Abstract
Most biologically-inspired and computer vision systems are purely feedforward: they immediately classify an object after observing it, even if the model's confidence is low. We have developed a biologically-inspired model called NIMBLE that actively classifies objects (Kanan & Cottrell, 2010). NIMBLE is based on two characteristics of the primate visual system: (1) sparse visual filtering and (2) sequential fixation-based visual attention. We learn sparse visual filters from natural image patches using Independent Component Analysis (ICA), which produces V1-like filters. The distributions of each ICA filter's responses are fitted by generalized Gaussian distributions.

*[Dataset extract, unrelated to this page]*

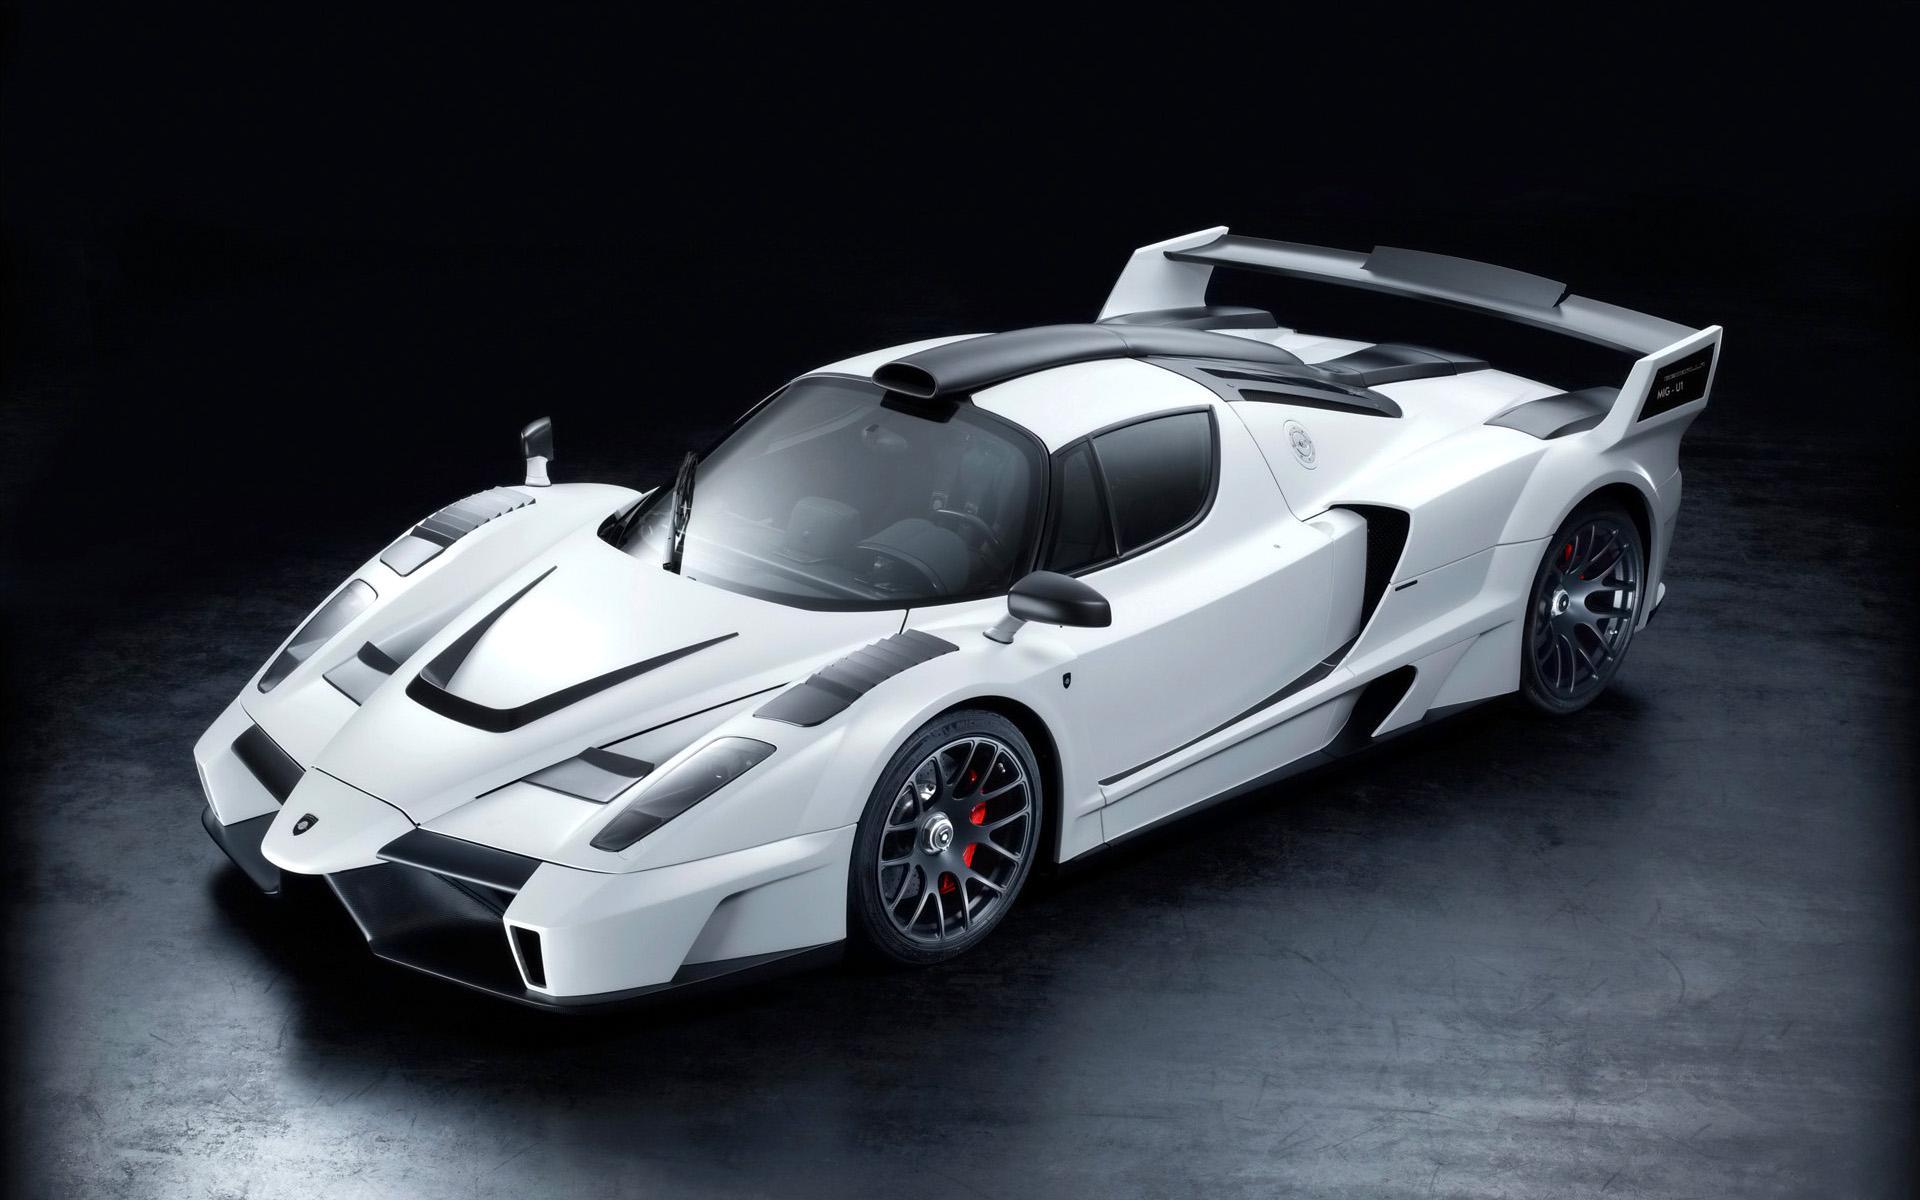 Cool White Ferrari Wallpaper

Using these statistics, we compute a saliency map based on rare feature values (Zhang et al., 2008). In training, the saliency map is randomly sampled to generate simulated fixations, and NIMBLE records the responses of spatially pooled V1 features from the fixation region in a class-conditional non-parametric density model. In recognition, fixations are acquired the same way, and used to update a posterior probability distribution over the categories. We extract and store 100 fixations from each image in the training set, and use 100 fixations on test images. Although NIMBLE only uses one feature type, it exceeds state-of-the-art computer vision models when the number of training instances is small, and performs comparably with methods using four or more feature types (e.g., multiple kernel learning). NIMBLE achieves 78.5% mean per-class accuracy on objects (Caltech-101) using 30 training images per class (chance is 1/101), 92.7% accuracy on faces (AR) using one training image per person (chance is 1/120), and 71.4% accuracy on 102 Flowers (chance is 1/102). We use the same parameter settings across datasets, demonstrating that NIMBLE, like primates, does not need to retune parameters for each problem.
This work was supported by the James S. McDonnell Foundation (Perceptual Expertise Network, I. Gauthier, PI), and the NSF (grant #SBE-0542013 to the Temporal Dynamics of Learning Center, G.W. Cottrell, PI and IGERT Grant #DGE-0333451 to G.W. Cottrell/V.R. de Sa.).